The Revolution of Joy
ALABAMA FOLK ARTIST BRINGS BEAUTY AND CREATIVITY TO THE BLACK BELT
Words by Cara D. Clark
Photos by Sarah Watlington
It’s a rare thing to know you’re in the right place at the right time and following your destiny. Trés Taylor is among the few who feels exactly that way. It wasn’t always the case for the Alabama native, who began his professional career as a biochemist, a vocation that took him from the University of Alabama at Birmingham to San Diego, California. When he moved in 1996 to further his career in science, he felt anything but enchantment on the West Coast.
“I felt lonely and sad and disconnected,” Taylor says. “I had lived all over the world, but the only place I’ve ever experienced culture shock was in California.

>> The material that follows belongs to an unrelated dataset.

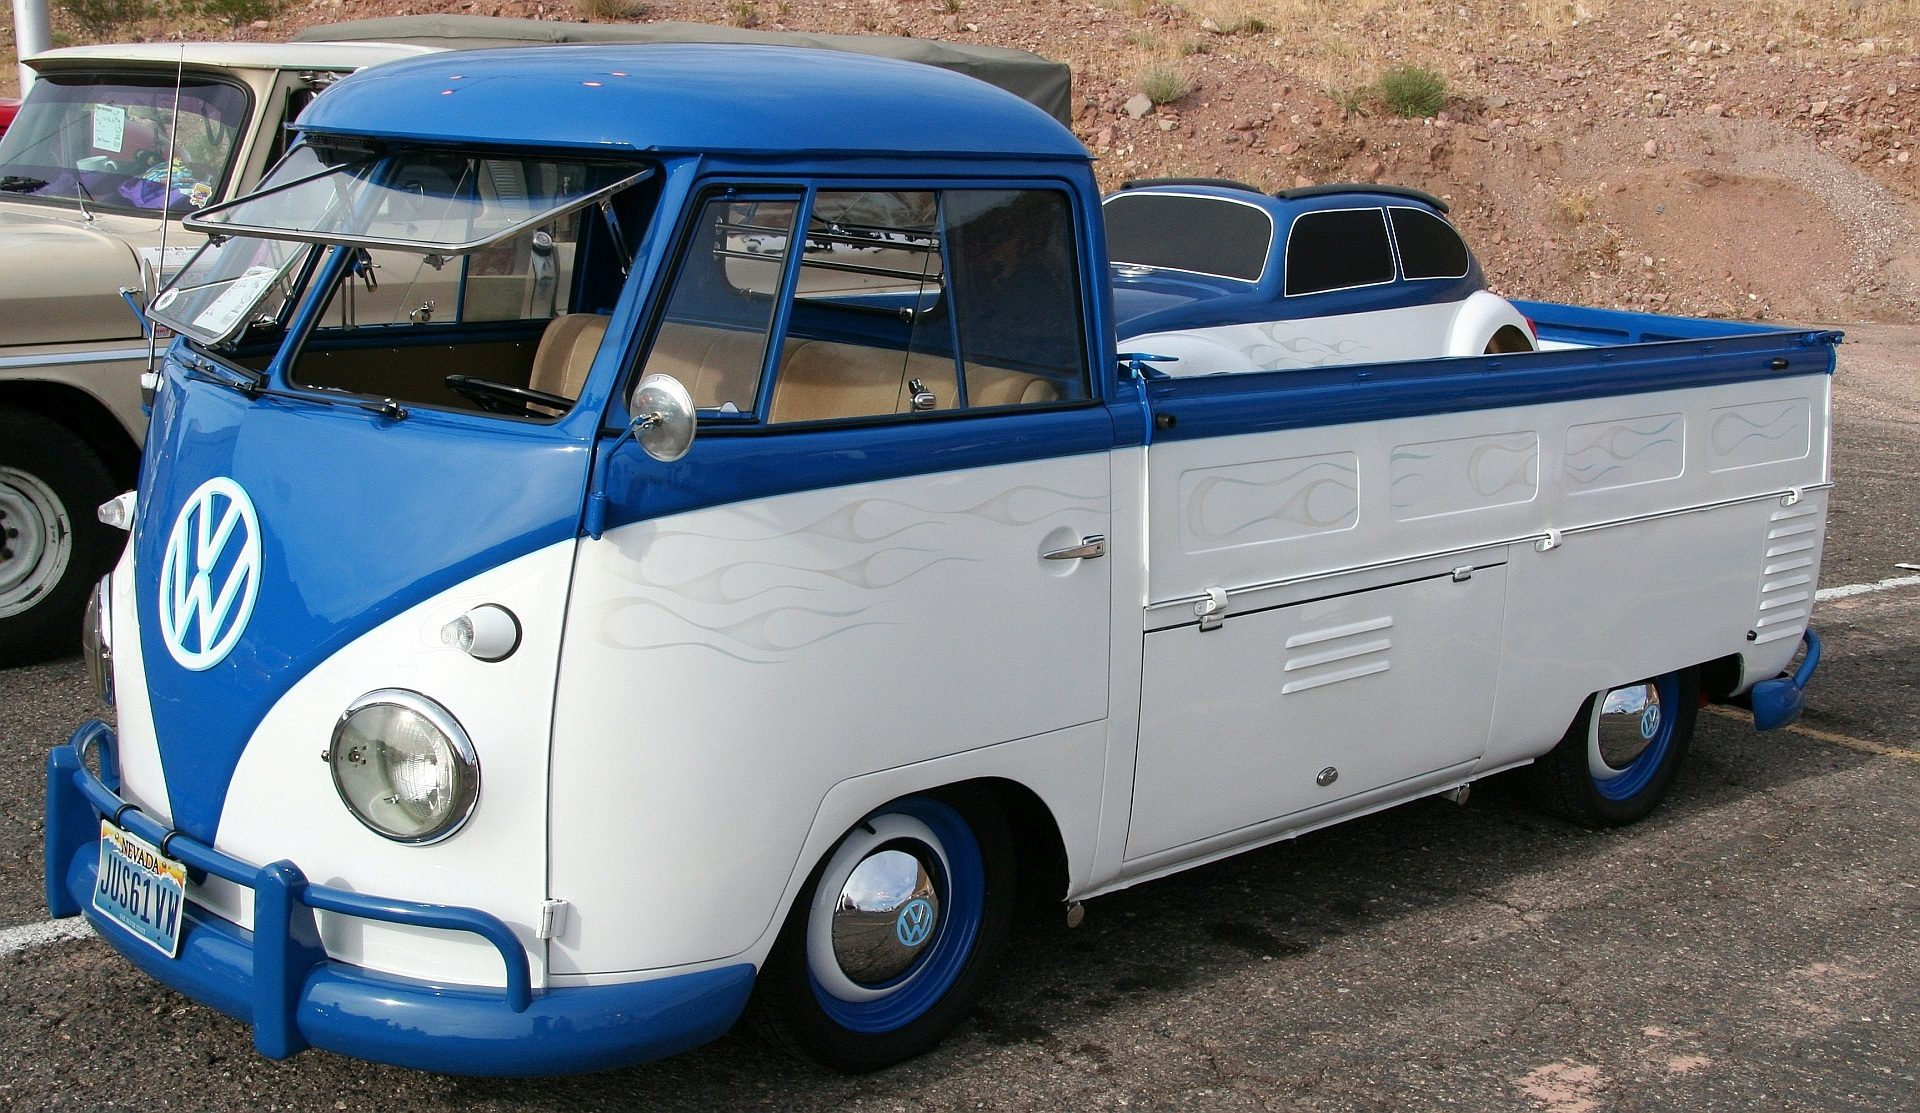 αυτοκίνητο, Van, Κλασικό, παλιά, παλιάς χρονολογίας - Wallpapers HD - Professor-falken.com

I missed the South—my family, my friends—and I wasn’t happy with my work.”
During a return to Birmingham on Christmas vacation, Trés and a friend decided on a whim to visit all folk artists in Alabama, and they ended up seeing 10 to 12 acclaimed artists. It was transformative.
“That experience of going into these people’s homes and studios and seeing how they were living and making art from things people threw away, had an impact on me,” Trés says. “Being around this powerful art, and being in the presence of these joyful people, had a profound impact.”
The last artist the two met during that winter sojourn was RA Miller, who lived in a tar paper shack made magical by a charismatic character who filled the structure and elements, including nearly 100 whirligigs around the yard.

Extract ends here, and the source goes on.